Evaluated against [LoCoMo](https://github.com/snap-research/locomo) benchmark (the standard for AI memory systems):

| System | Score | Approach |
| -------------- | ----------- | ------------------------ |
| Backboard | 90.0% | Gemini 2.5 Pro + custom |
| Zep | 75.1% | Temporal knowledge graph |
| Mem0 | 62.5% | Vector + optional graph |
| **Our system** | **57.3%\*** | 3-signal RRF + FTS |

\*Pilot on 1 conversation.
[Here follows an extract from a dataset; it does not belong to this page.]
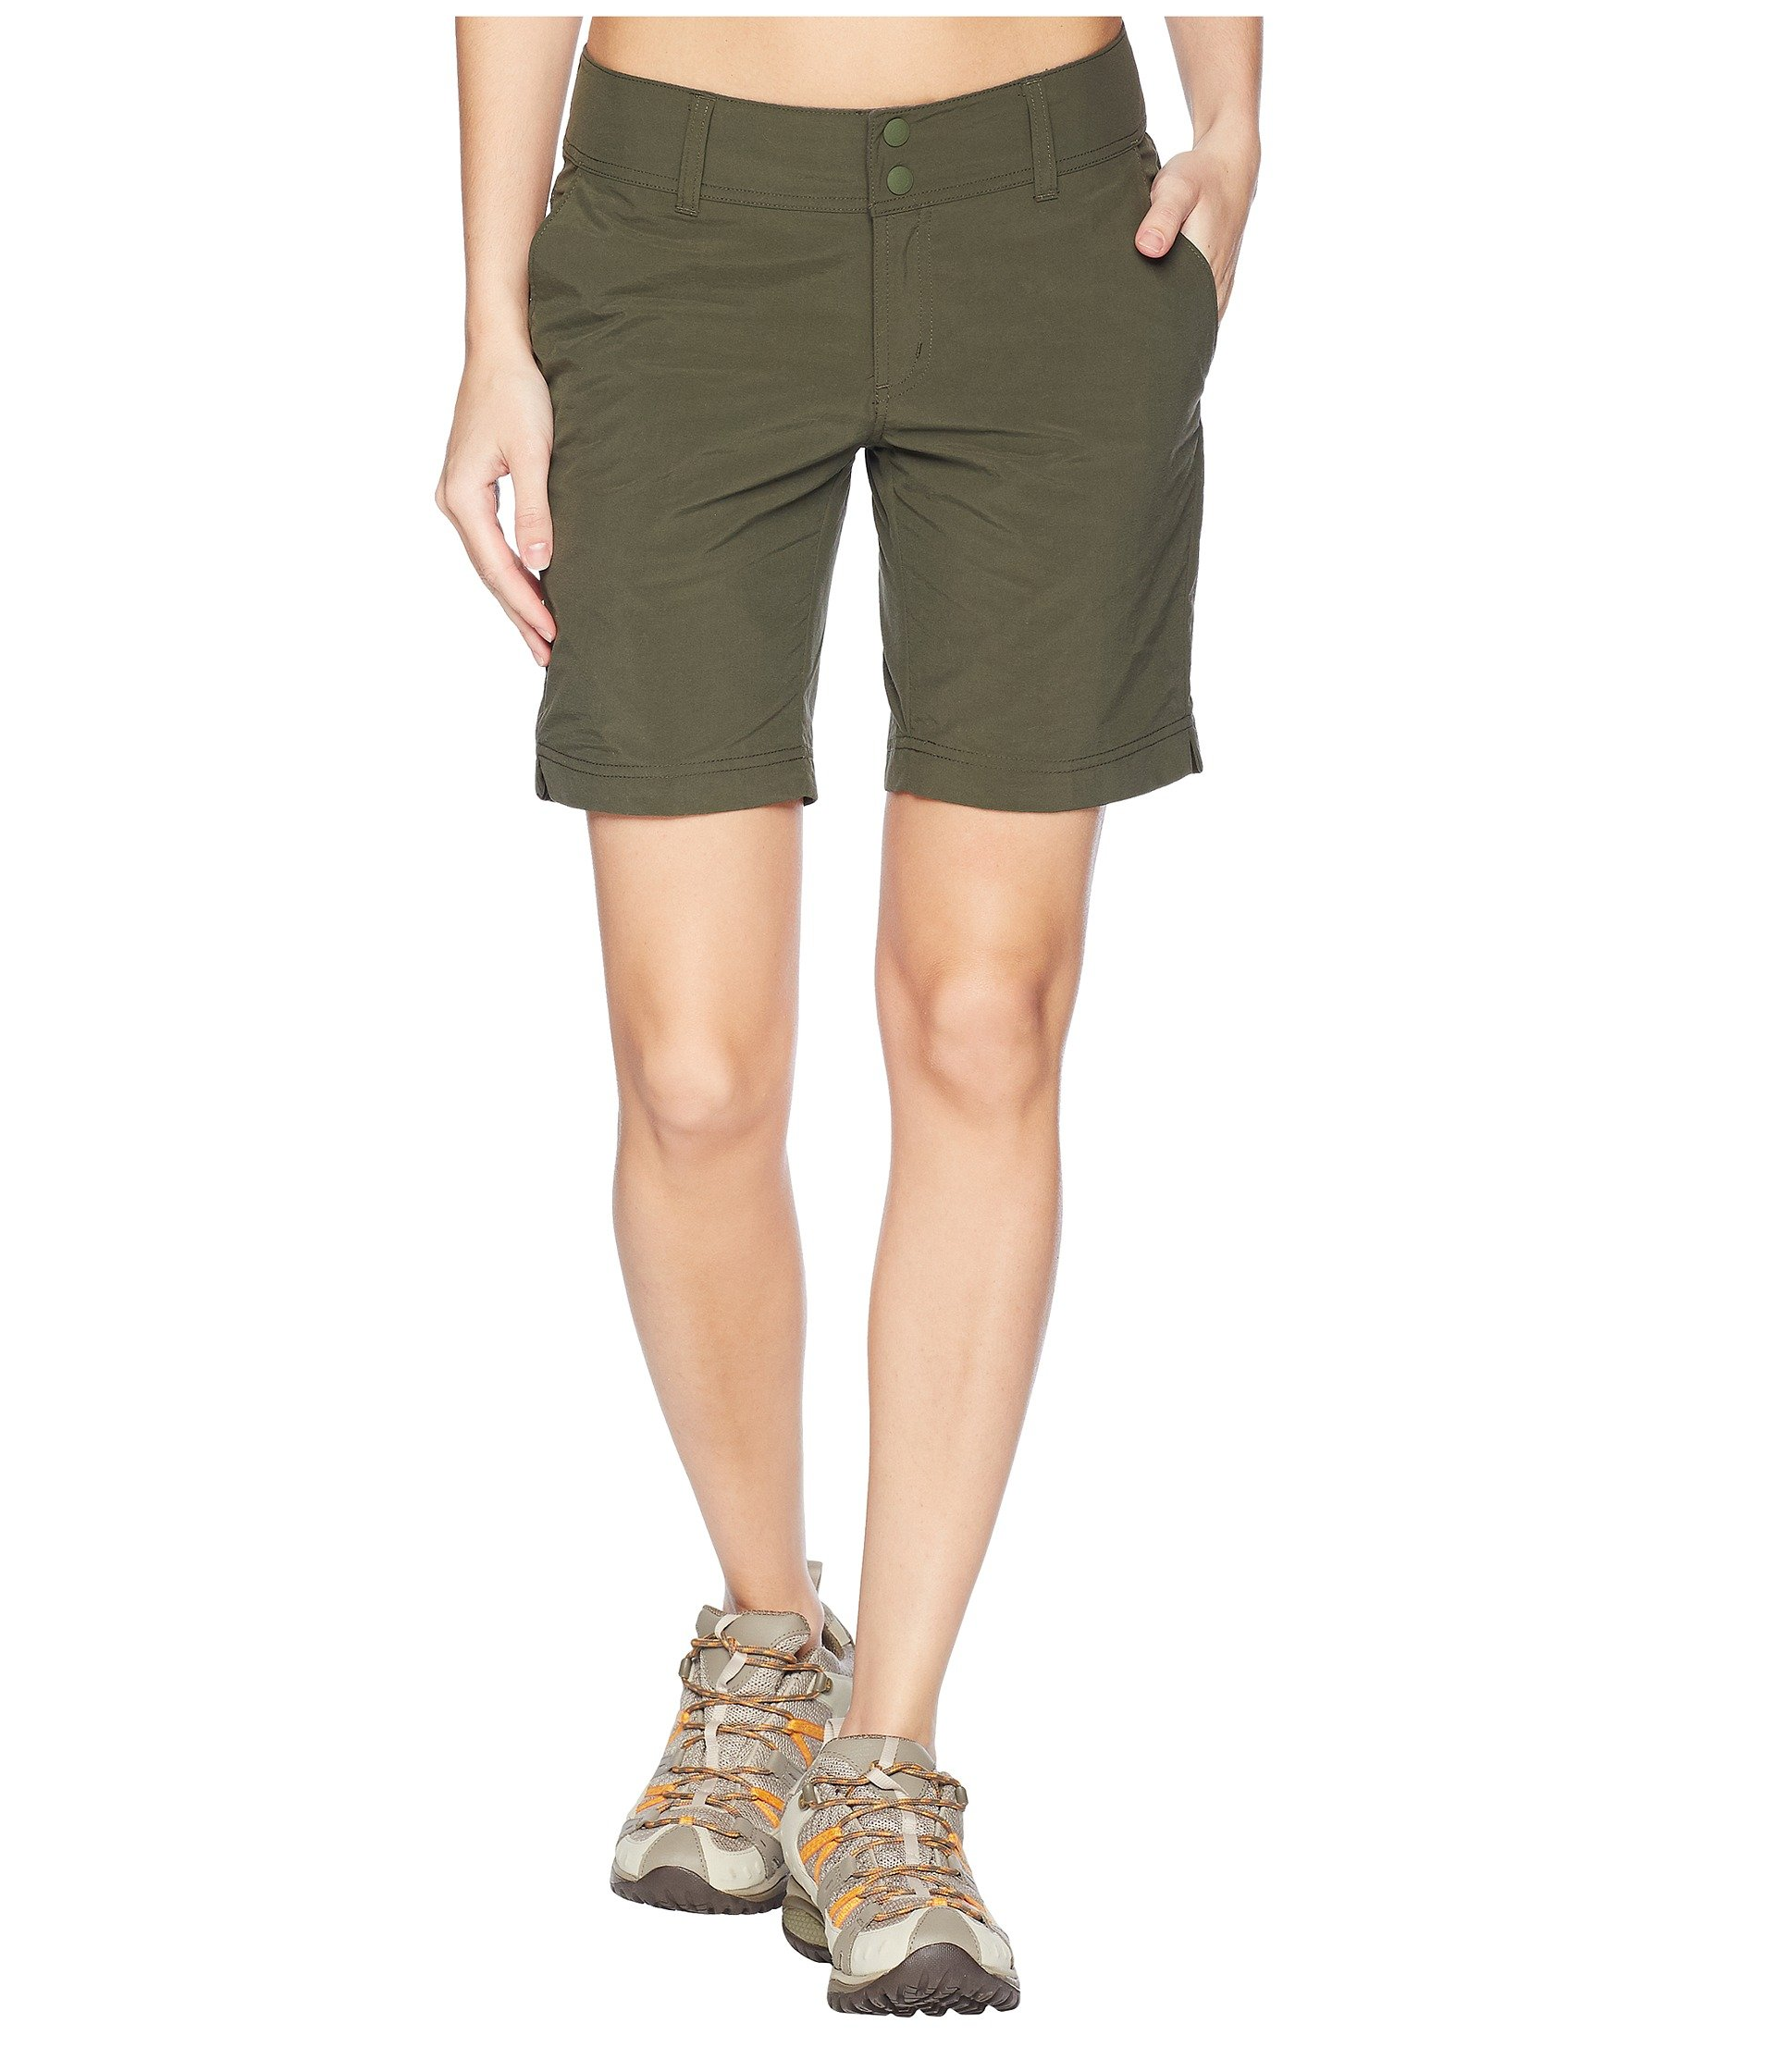 Nomad Shorts Nori Exofficio Cool Sol 0qwxnP61YE

Optimization roadmap targets 66-72%.

## Decision Matrices

### Build vs Buy

| Factor | Build (like this guide) | Buy (Mem0/Zep) |
| ---------------- | -------------------------------------------------- | ------------------------------------- |
| Data sovereignty | Full control | Vendor-dependent |
| Customization | Unlimited | API constraints |
| Cost at scale | Infrastructure only | $19-$249/mo + usage |
| Time to market | Weeks-months | Hours-days |
| Maintenance | Your team | Vendor handles |
| **Best for** | **Production platforms, compliance, custom needs** | **MVPs, startups, rapid prototyping** |

### Search Strategy

| Query Type | Best Approach | Why |
| ------------------- | ------------------------------------- | ------------------------------------ |
| Exact fact recall | FTS-heavy (70% FTS, 30% vector) | Keywords matter for facts |
| Semantic similarity | Vector-heavy (70% vector, 30% FTS) | Meaning matters for concepts |
| Time-based | Temporal query with date parsing | "yesterday", "last week" |
| Multi-hop reasoning | Graph traversal + vector | Connect entities across observations |
| General question | Balanced hybrid (50/50) + graph (15%) | Best default |

## Technology Stack (Reference Implementation)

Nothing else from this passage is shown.